Aomori è una città che dà l’impressione di aver visto tempi migliori, soprattutto in alcune vie dove si notano moltissimi negozi chiusi, ed edifici piuttosto trascurati. Nel 1988, quando aprì il tunnel ferroviario Seikan, la città perse molta della sua importanza come luogo di passaggio per chi doveva prendere i ferry per andare dall’Honshu all’Hokkaido. Restano i ferry che portano le auto, ma con i voli a basso costo anche questi hanno visto diminuire un po’ il traffico. Resta molto famoso il suo Nebuta Matsuri, ad agosto, che attira tantissima gente. Io la trovo un luogo dall’aria molto nostalgica, ma in senso positivo. Mio marito invece la trova un pochino decadente. Sarà che amo un po’ tutte le città di mare, e che io stessa vengo da una città portuale, ma questa città mi piace.

Venerdì 14 giugno – Sotto gli occhi del Buddha

14 giugno 2019, Seiryu-ji

Questa mattina siamo andati a visitare il Seiryu-ji, tempio a 50 minuti di bus dalla stazione di Aomori, che ospita il bellissimo Showa Daibutsu. Come dice il nome, si tratta di una grande statua del Buddha, creata durante l’era Showa, precisamente nel 1984. È la più grande statua di Buddha seduto qui in Giappone, con i suoi 21,35 metri di altezza (mi sto immaginando i vari Daibutsu che ho visto – Kamakura, Nara, Takaoka – che fanno le gare per vedere chi è più alto).

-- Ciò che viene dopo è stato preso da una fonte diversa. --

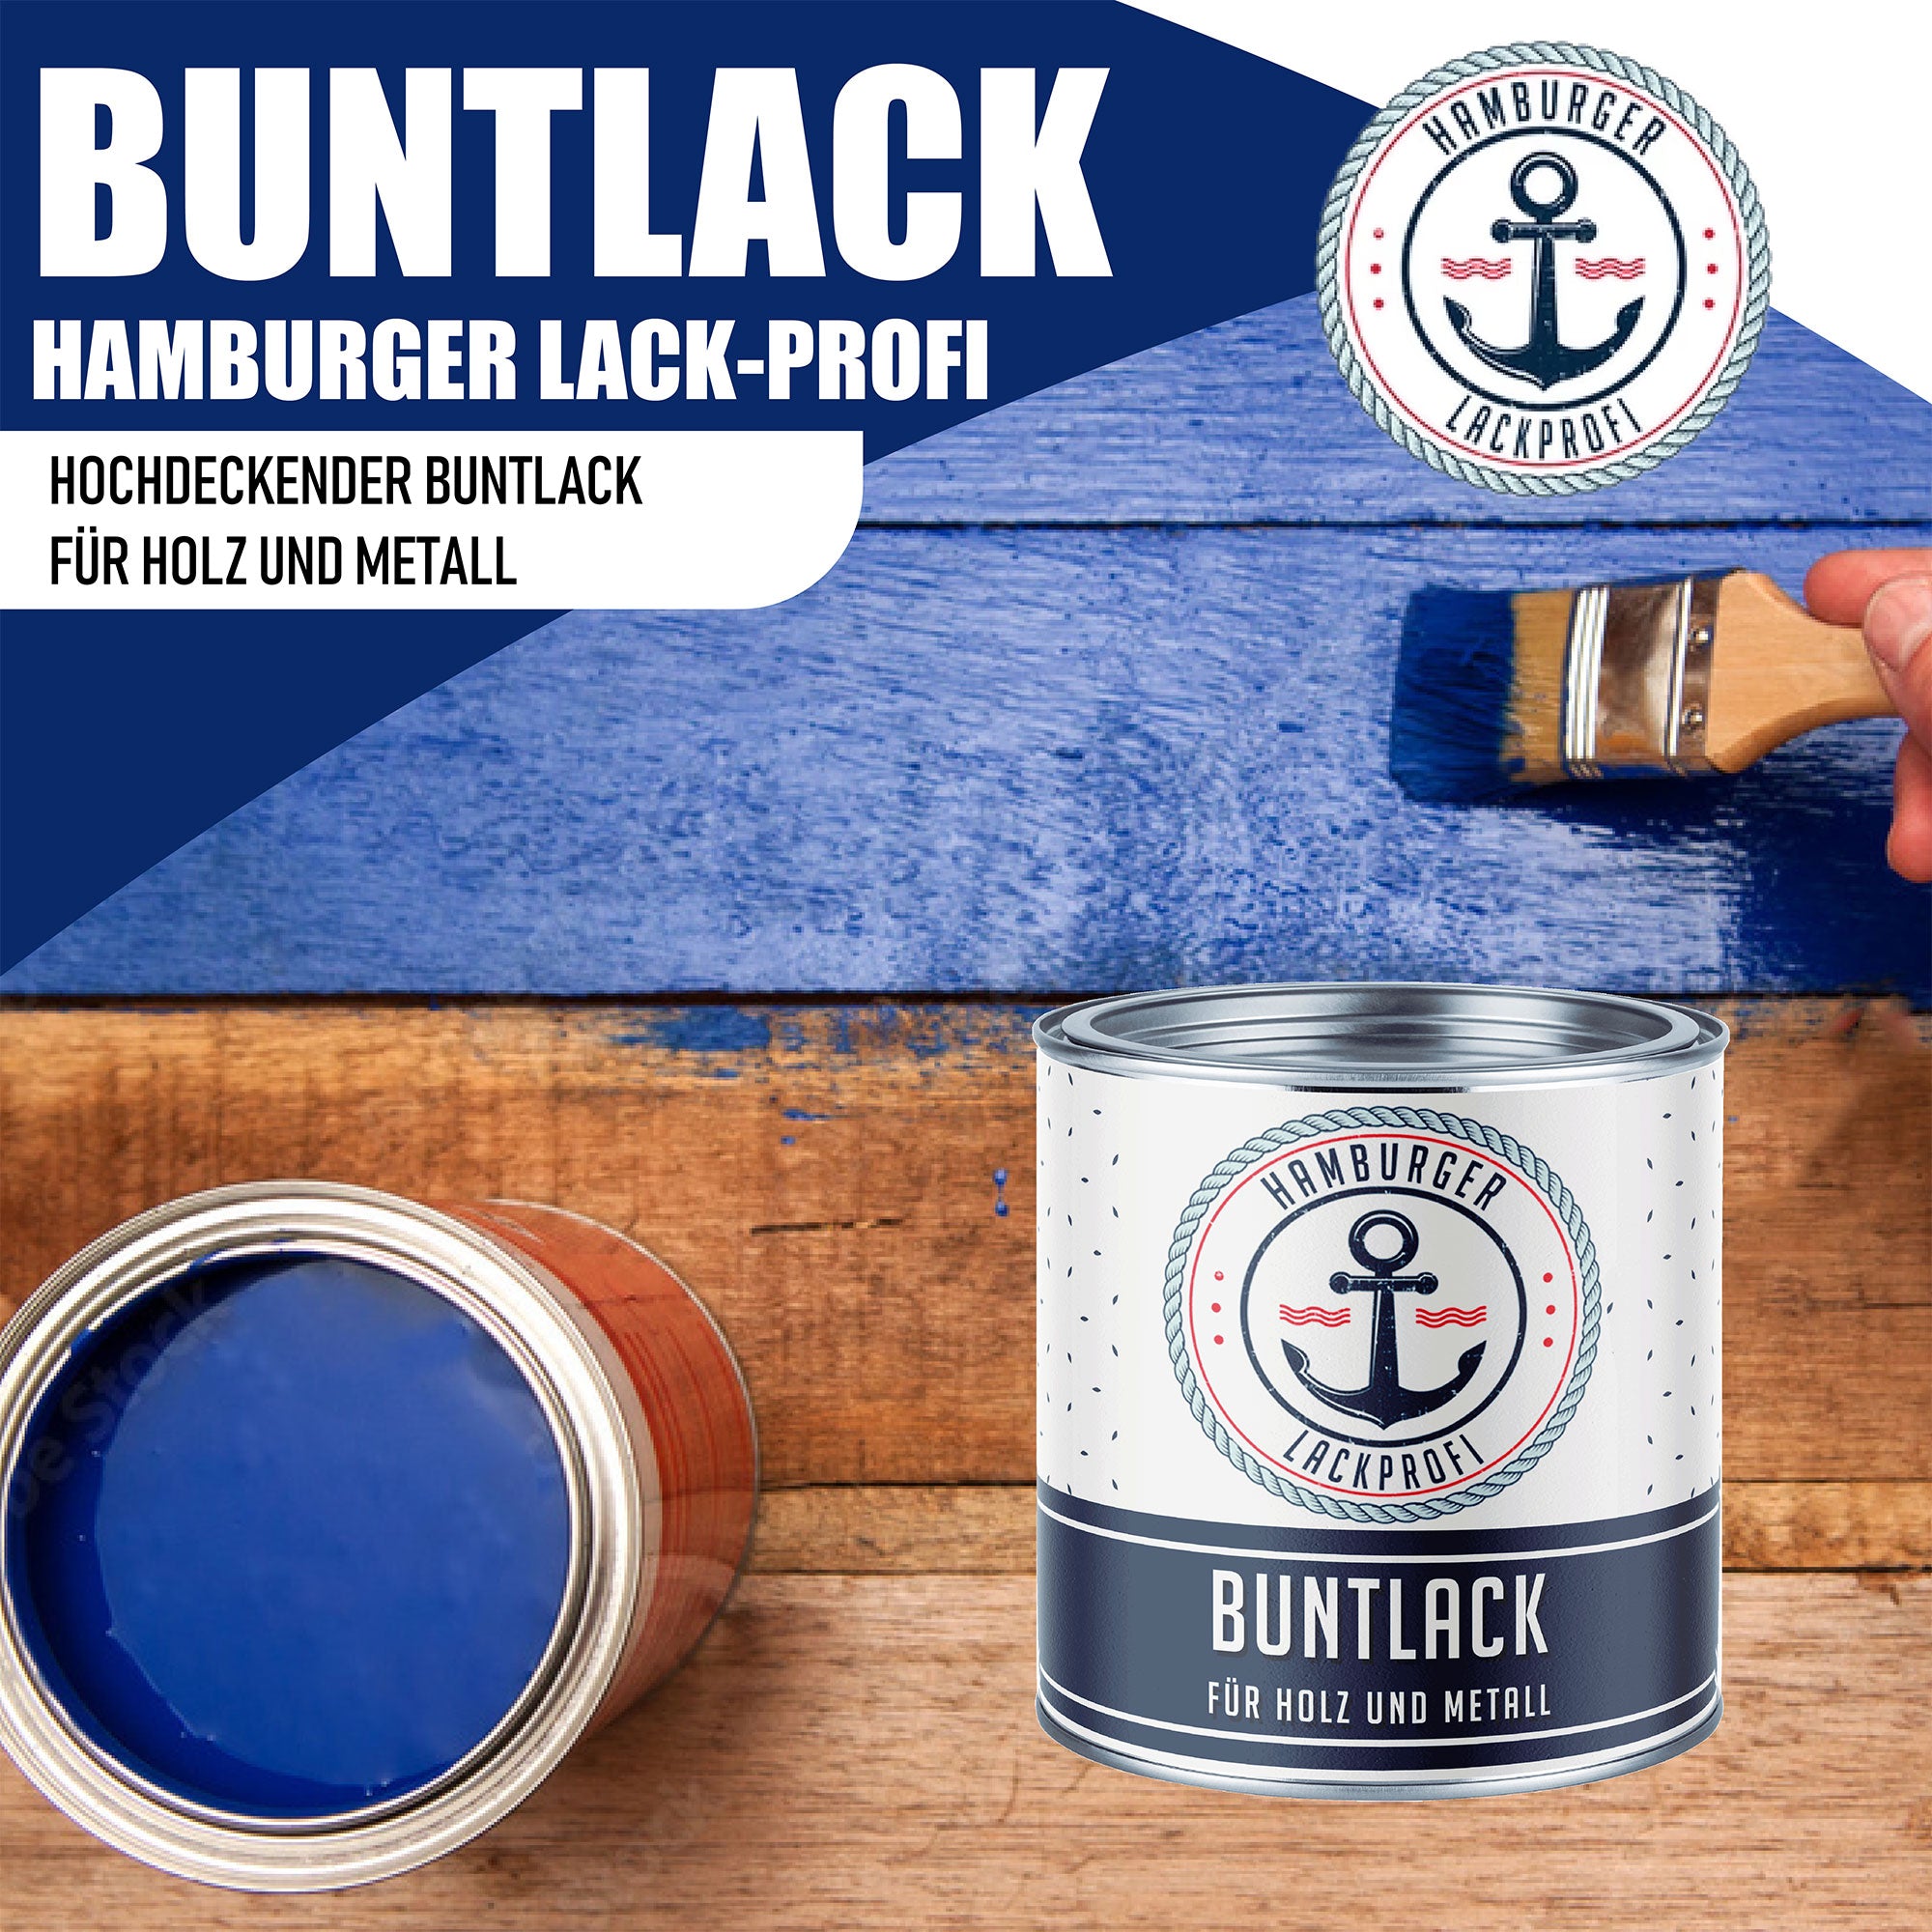 Hamburger Lack-Profi Buntlack Mahagonibraun RAL 8016 - Robuster Kunstharzlack

Il complesso che ospita la statua è anch’esso molto recente, fondato nel 1982 (attenti a dire “insomma, non è così recente”, io sono dell’83 😜). La statua è magnifica, e con la cornice delle colline verdi alle sue spalle crea un quadro di perfetta serenità. Stato d’animo in cui ti immerge anche il resto del luogo.

14 giugno 2019, Seiryu-ji

Mentre, seduta sull’enkawa lungo un lato della sala principale del tempio, lato predisposto a tale scopo, osservavo la pagoda con il giardino di pietra e la natura che la circonda, mi sono ritrovata improvvisamente con gli occhi pieni di lacrime di commozione. Bellezza, come una carezza nell’animo.

Resterà di sicuro tra i ricordi più belli di questo viaggio.

 

Sabato 15 giugno – Sapporo in una giornata nuvolosa

Oggi siamo arrivati a Sapporo, dopo un viaggio in treno che da Aomori, attraverso il tunnel Seikan, ci ha portati nell’Hokkaido. Lungo 53,85 km, di cui 23.3 sono sotto il livello del mare, è il tunnel sottomarino più lungo al mondo, preso nel suo complesso (quello della Manica ha un tratto sottomarino più lungo).

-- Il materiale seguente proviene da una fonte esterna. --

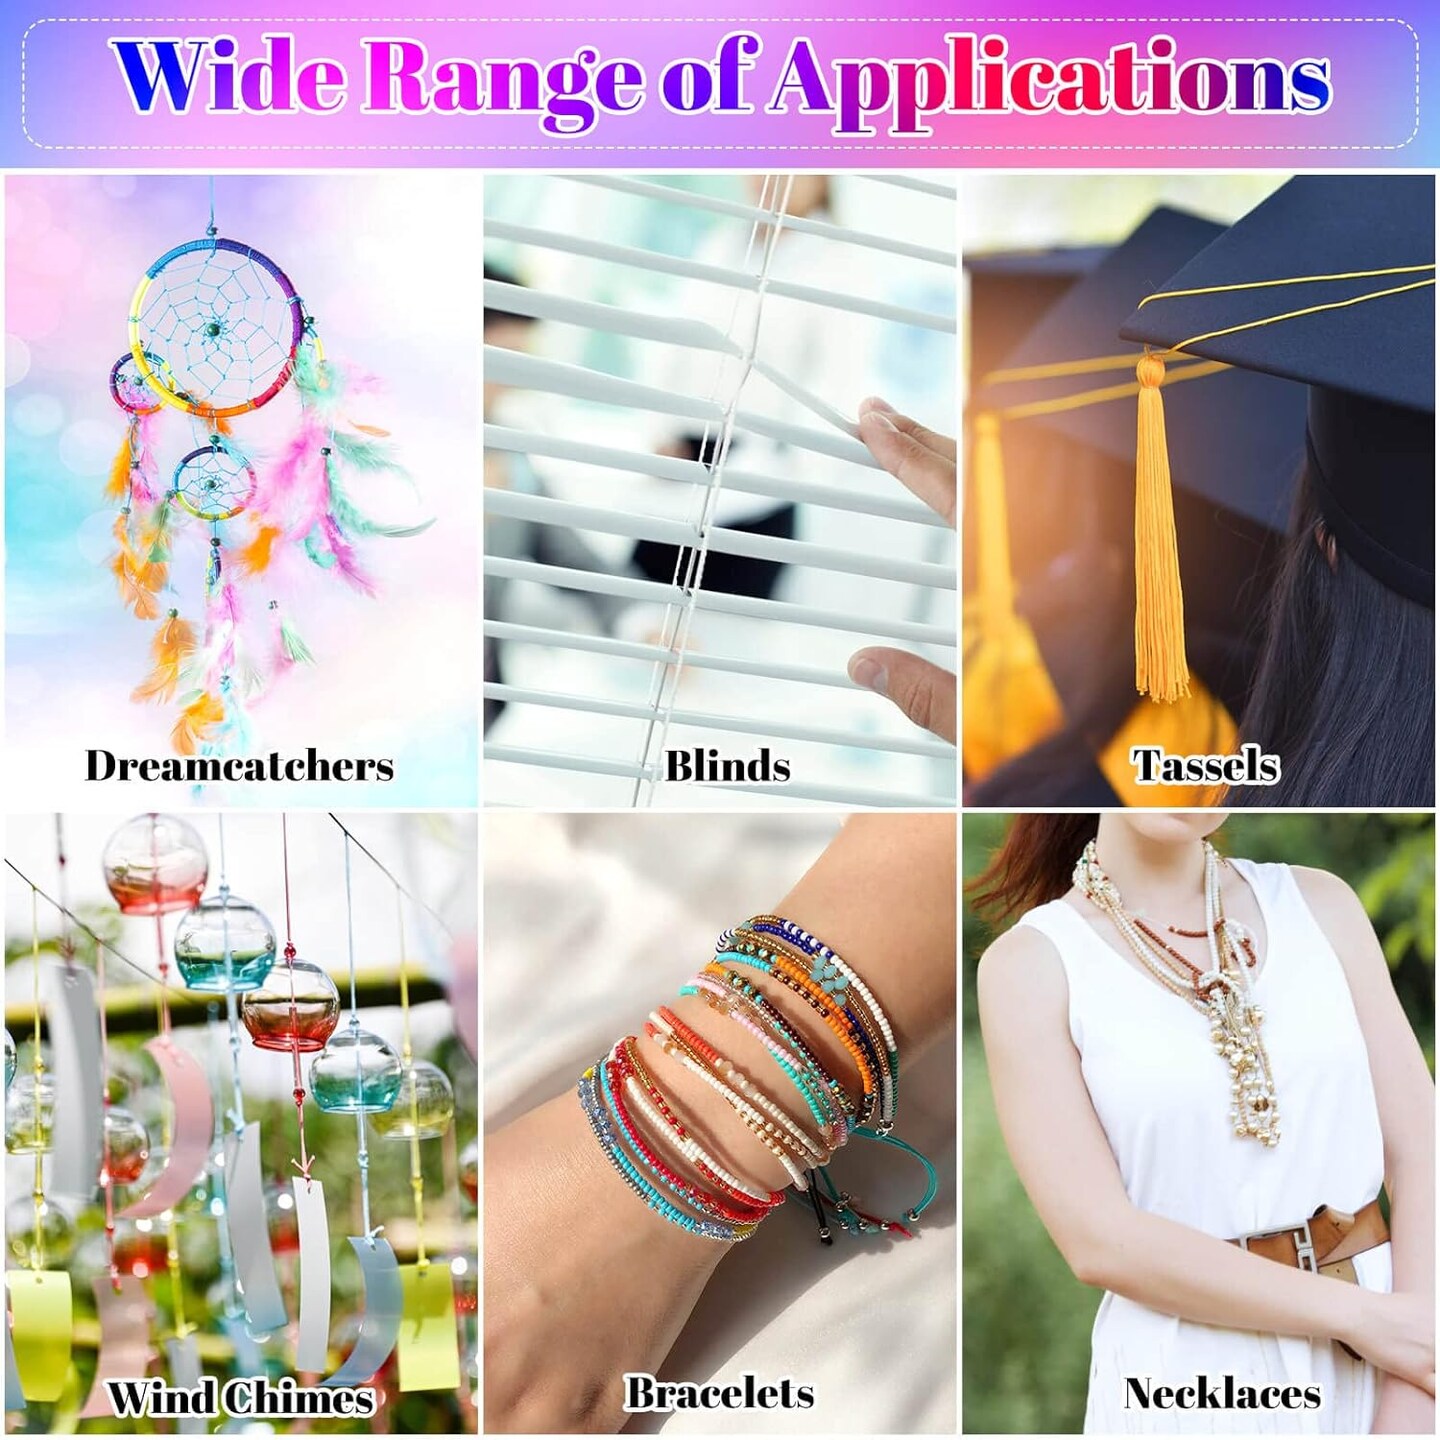 Nylon String for Bracelets, 20 Rolls Chinese Knotting Cord Nylon Beading Thread for Kumihimo, Braided Bracelets, Beading, Necklaces, Macrame Craft, Wind Chime, Jewelry Making

Il viaggio in treno dalla stazione di Shin Hakodate Hokuto sino a Sapporo riserva dei paesaggi di una bellezza strana: prima un lago con isole misteriose, come piccole zattere tonde di alberi lussureggianti sullo specchio d’acqua, e poi per la maggior parte si apre su scenari lungo la costa. Alla tua destra il mare, che oggi era di un grigio argento, mosso di onde che si infrangono su spiagge strette e vicini prati dalle erbe alte tormentate dal vento. A tratti, zone di costa rocciosa con contrafforti che si gettano sull’acqua. Cittadine con case dai tetti dalla forma singolare, fatti per la neve. La visione di un piccolo santuario di Inari affacciato sul mare, di una bellezza solitaria e selvaggia. Batto le palpebre e già non lo vedo più, forse è stato solo un sogno. Alla tua sinistra, alture dense di foreste, prati verdissimi, un filo di nebbia vaporosa tra le cime.

Sapporo è una grande città, e ci arrivo stanchissima. È come se d’improvviso la fatica di una settimana di viaggio mi colpisse tutta d’un colpo. Purtroppo, poi, comincia anche a piovere. Ci siamo riposati per qualche ora in hotel, perché stavo quasi collassando dal sonno, poi siamo usciti per cena. Piove ancora, anche se non è un acquazzone.

Domenica 16 giugno – Sapporo Matsuri

16 giugno 2019, Sapporo

Questa mattina assistiamo alla processione che si svolge qui a Sapporo in occasione del Sapporo Festival, o festival del santuario dell’Hokkaido. Bellissima, e come mio solito ad un certo punto mi sono emozionata sino alle lacrime. La parata si snoda per gran parte della giornata lungo le vie principali della città, dopo essere partita dal santuario dell’Hokkaido, un santuario shinto che si trova nel parco Maruyama, grande spazio verde ai piedi delle colline.

Dopo aver visto passare tutta la processione, siamo andati al santuario: qui c’era grande animazione,

16 giugno 2019, Sapporo

lungo le vie tra gli alberi c’erano i classici banchi da Matsuri, che vendevano cose da mangiare (takoyaki, yakisoba, taiyaki, zucchero filato, banane ricoperte di cioccolato, etc.), oppure proponevano quei giochi da festa come i pesci rossi da pescare, o le sfere da pescare, o vendevano maschere e palloncini. Il santuario è veramente molto bello, e con il clima di festa di oggi non riuscivo a smettere di sorridere.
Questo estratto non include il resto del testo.